Infantry battalion of the Australian Army

The 14th/32nd Battalion was an infantry battalion of the Australian Army which served during the Second World War. It was formed in September 1942 by the amalgamation of the 14th and 32nd Battalions and was assigned to the 6th Brigade, 4th Division in Geraldton, Western Australia. The battalion served firstly in Australia and then later New Guinea, being employed mainly on garrison duties, before being transferred to the 5th Division and deployed to New Britain late in the war where it took part briefly in the Australian containment campaign on that island. In April 1945 it returned to Australia for rest and re-organisation and was disbanded later that year without seeing further combat.

==History==

===Formation===
By mid-1942, an over mobilisation of Australia's military forces resulted in a manpower shortage in the Australian economy. In order to rectify this situation, the Australian government decided to amalgamate and disband a number of units from the Militia in order to free up their personnel and return them to the civilian workforce. As a result, on 12 October 1942, the 14th and 32nd Battalions, which had been undertaking garrison duties around Geraldton, Western Australia, were amalgamated to form the 14th/32nd Battalion. Upon formation the battalion adopted the territorial title of the "Prahran/Footscray Regiment" and was assigned to the 6th Brigade, 4th Division.

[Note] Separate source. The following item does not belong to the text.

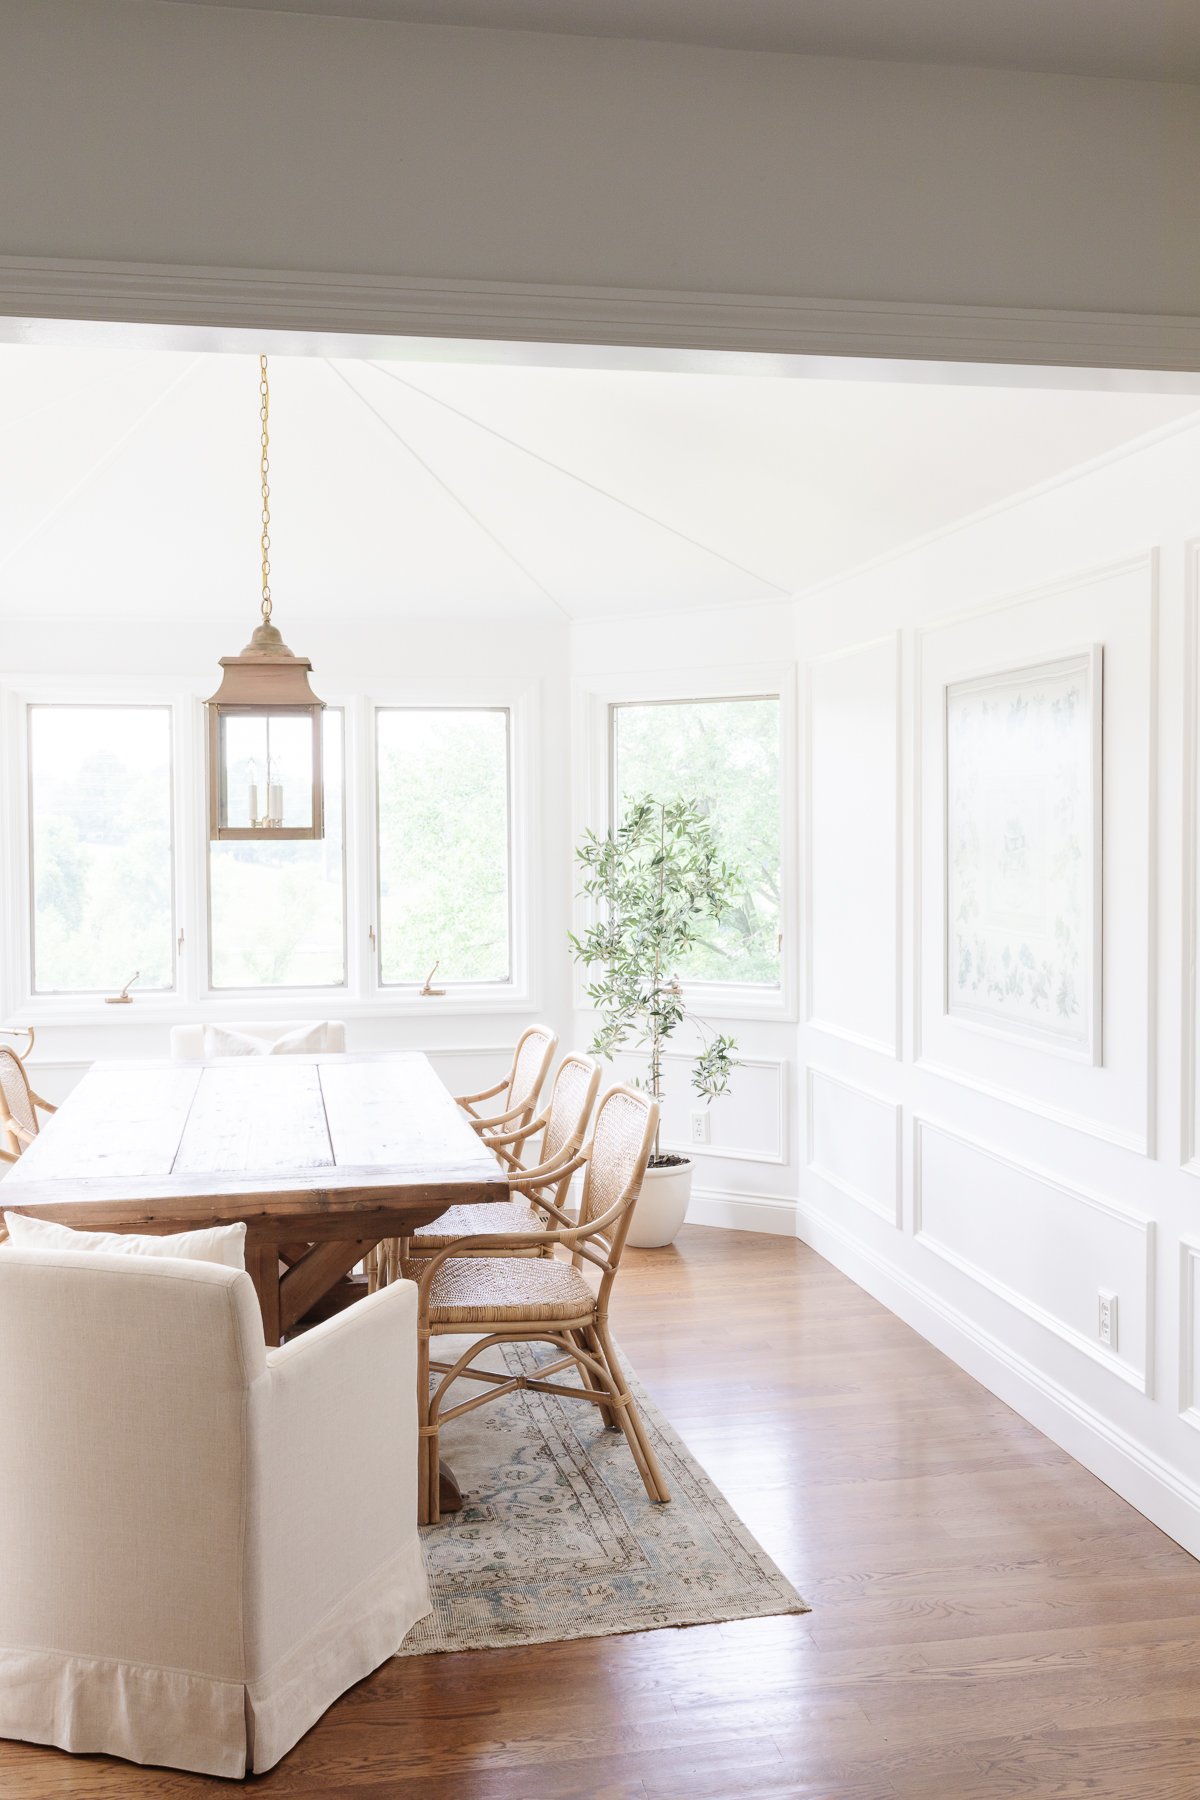 A white windowed breakfast nook with a wood dining table.

The battalion's personnel were drawn predominately from the 14th Battalion, although 164 officers and men from the 32nd who had volunteered to serve under the same conditions of the Second Australian Imperial Force, were transferred to the 14th/32nd at this time. As more than 65 per cent of the battalion's 996 personnel volunteered for overseas service, the battalion was designated as an Australian Imperial Force battalion, meaning that it could be sent outside the territorial limits imposed by the Defence Act (1903).

===New Guinea and New Britain===
After this, the 14th/32nd Battalion was moved to the Atherton Tablelands in Queensland, to undertake amphibious landing and jungle warfare training in preparation for deployment overseas. In July 1943, they were sent to Port Moresby, New Guinea, where they once again filled the role of garrison troops for almost a year, operating between Buna, Gona and Nassau Bay. In 1944, under the command of Lieutenant Colonel William Caldwell, who had previously commanded at company-level in Greece and the Middle East, the battalion was attached to the 5th Division and on 4 November the 14th/32nd Battalion, forming the vanguard of the 6th Brigade, carried out an amphibious landing at Jacquinot Bay on New Britain.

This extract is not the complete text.